EDIT: As of right the Hell-ass now, The Quantum Mechanic is ready for sampling and purchase as an e-book at Smashwords! You can read 55% of it for free on your e-reader to see if you like the new fourth chapter and the way I've integrated the un-deleted scenes. Also, I've verified that it works Stanza on my iPod (I don't have a Kindle, and I can't get the .mobi-wranglin' app to work properly... though I may be doin it rong). While it works, so to speak, there are issues. The acknowledgments aren't displaying properly, and neither does my citation of a Carl Sagan quote in the Foreword. Like, this stuff is there in my source document, something just got bollocksed up in the conversion process. I'm looking into it, but the rest of the free preview (all the way up through the end of "A Little Piece of Heaven") appears to work perfectly.

Of course, if you want to read it now, you still can! The way Smashwords works, once you own a book you can download it infinitely (so you can keep up on any later updates at no additional cost, and they'll be posted here). It's all DRM-free, too.

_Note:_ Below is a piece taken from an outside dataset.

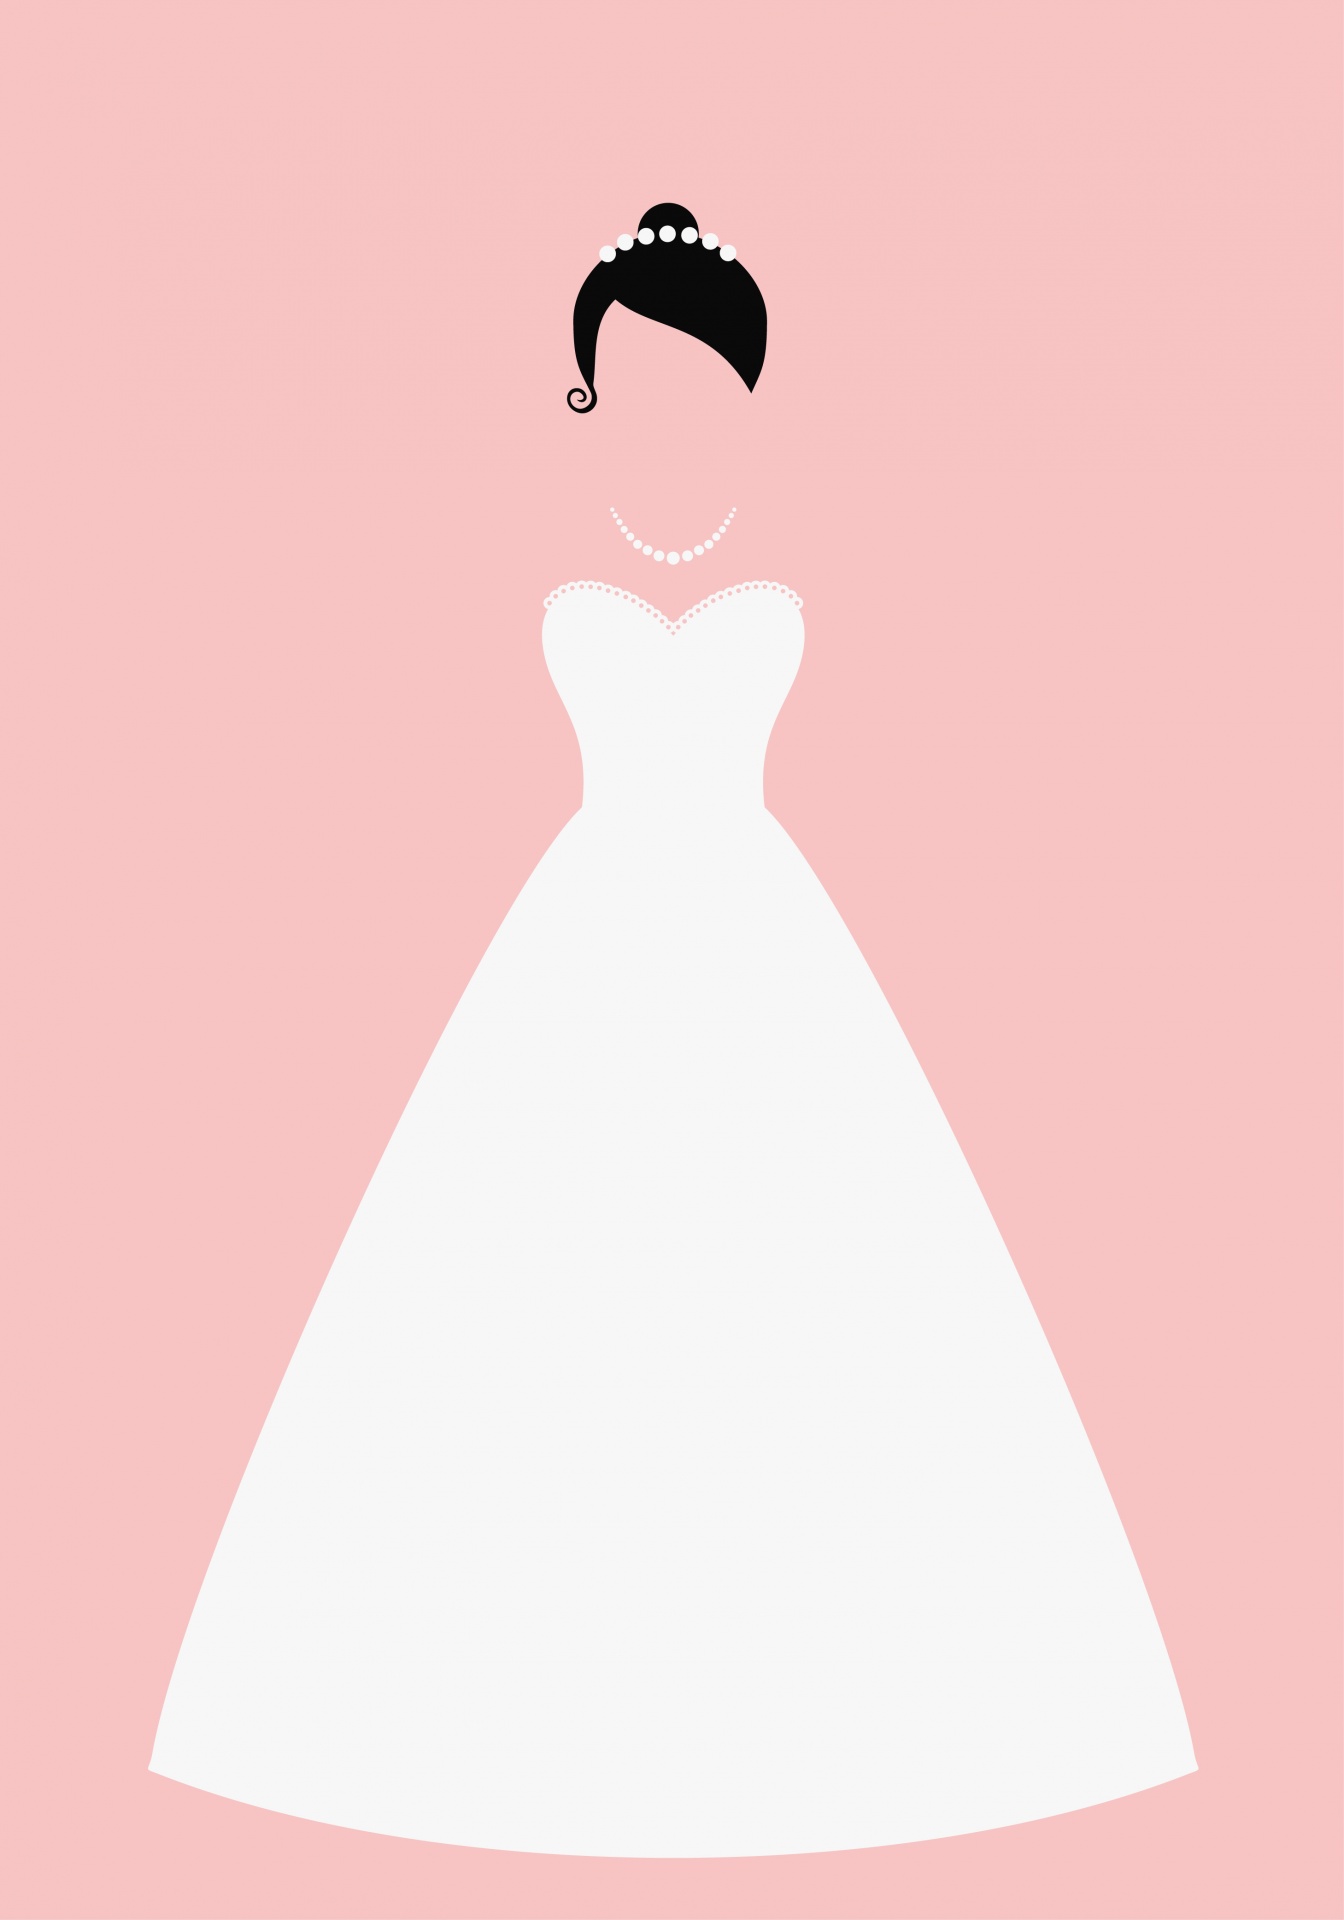 bride-wedding-dress-illustration-free-stock-photo-public-domain-pictures
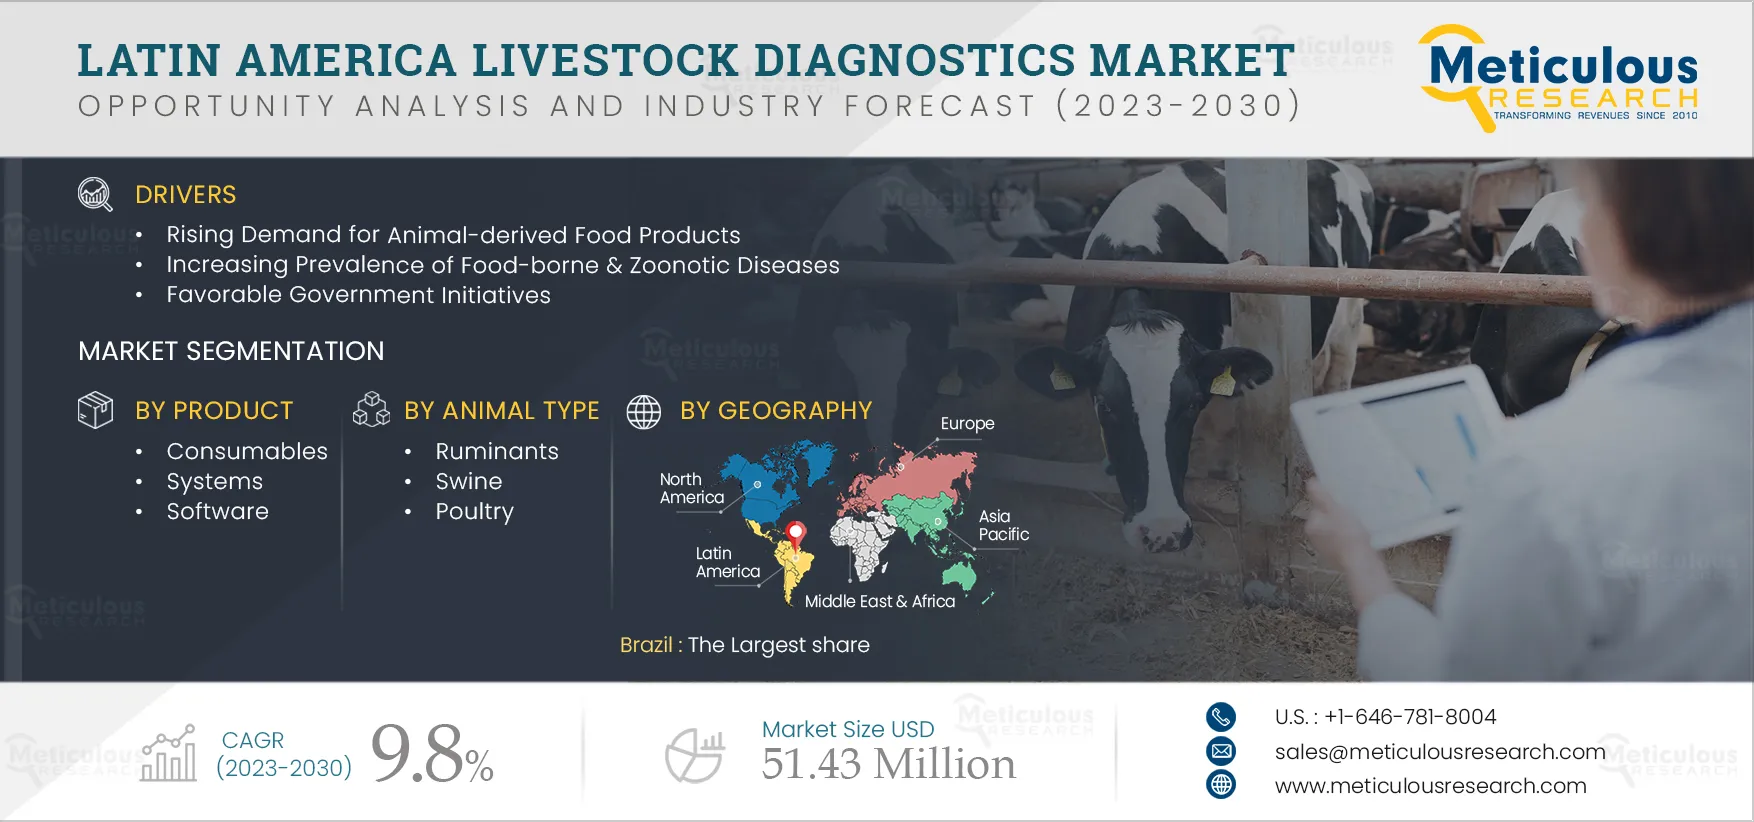 Latin America Livestock Diagnostics Market

While the book is technically "copyright me," it's copyleft in spirit, which means that while there's no substitute for showing your appreciation in a "rent and groceries" sort of way, I honestly care more about getting my ideas out to people who enjoy them than I care about making money for my hobby. (This is why there are no license notes.)

DOUBLE-EDIT: BWAHAHA! OK, so the second edition is uploaded, converted, and approved! (The same link above still works.) The problem? I have the same problems. The acknowledgments still don't display properly, and neither does the Sagan attribution in the foreword. However, there is an exciting new development! You see, these problems happen if you view the e-book with white text on a black background - but they don't happen if you view the e-book with black text on a white background! What the shit-fuck-tits is going on here?!

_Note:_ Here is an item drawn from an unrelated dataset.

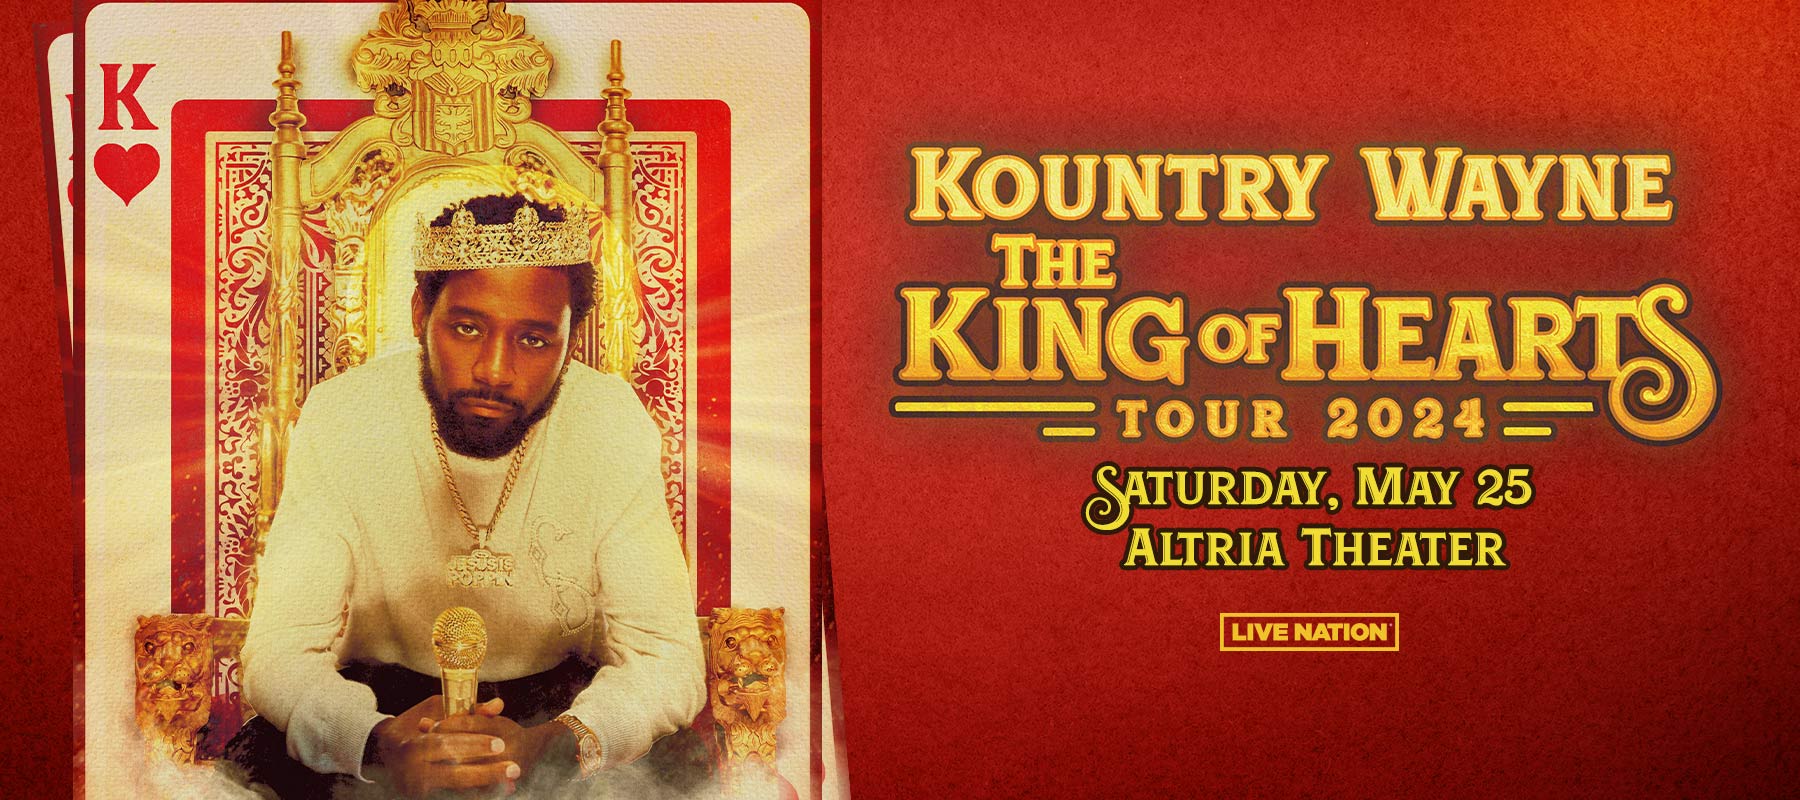 Kountry Wayne: The King of Hearts Tour

No, seriously, if anyone knows what the Hell-ass-balls I can do to fix this, I'm all ears. I'm just pissed and too lazy to look it up right now. I'll continue to look into it once I get some actual fresh content up, but I will be tremendously grateful to anyone who's able to bring a solution (or even a suggestion) to me.

Saturday, February 6, 2010

I should probably say something about this...

Per KarateMonkey's request, I'm making The Quantum Mechanic into an e-book because CreateSpace doesn't do this, and I want people to be able to buy and read my book however they want. But they have a thirty-five page style guide, and I really want to understand the process so I can do all the reformatting intelligently and at one stroke (without paying someone else to do it), but going through all this is enough to drive me to drink.

Oh, who the Hell am I kidding? The fact that it's Saturday drives me to drink!

No, but seriously, I'm doing this e-book thing good an' proper, and then it's on to talk about The Authoritarians. Because that book makes me feel really naive. And I just finished it, so I really wanna talk about it.

Oh, and I also have a very important commitment to killing foreigners on the internet with my brother A tonight. I mean, they're different from us. We can't abide that shit!

Wednesday, February 3, 2010

The Importance of Perspective, or: Who WOULDN'T Want a Personal Slave?

I'd like to say two things up front: first, that I definitely sympathize with those who suffer from ennui, from wanting more out of life, from a numbing dissatisfaction with the way things are going; second, that I don't know these women from Eve and their situations are probably more complicated than they've even openly and candidly admitted.

That said, Rant: On.

This past Sunday, I read Delia Lloyd complain that modern life is hard work. Fucking surprise! I read two of the pieces she linked by Sandra Tsing Loh, one transparently escapist fantasy which I can't tell if Loh actually pines after or not, and one rather longer slice-of-life lament which smacks of teenage angst in middle-aged terms. I'm sympathetic to Loh, I really am - but for shit's sake, this lady has some growing up to do.

The cockles of my heart are not nearly so opening to Lloyd (and that ain't much to begin with), probably for this bit alone:
...here's what we ate: cold pasta covered with leftover Tikka Masala sauce (tomato sauce inexplicably AWOL in kitchen cupboard), some soggy carrots cooked four hours earlier for kids' dinner, and the coup de grace: canned sardines. Yum.
This may not strike you, General Reader, as particularly infuriating, but what you have to consider is context, which at present means, "whatever the Hell I was thinking about five minutes earlier." In this situation, the context is that I had just woken up from dreaming about snowmobiling, which I have never done but long to do, and I marveled at the fact that our intellects have afforded us as a species the opportunity to transform what would normally be a difficult and harrowing experience (i.e. trekking across harsh, snowy landscapes) into leisure activity. Awesome! And while thinking of this, I assembled for myself a breakfast of leftover chili with fried eggs and Tabasco sauce mixed in, topped with cheddar cheese and green chiles for garnish. It was delicious, and it was reheated leftovers.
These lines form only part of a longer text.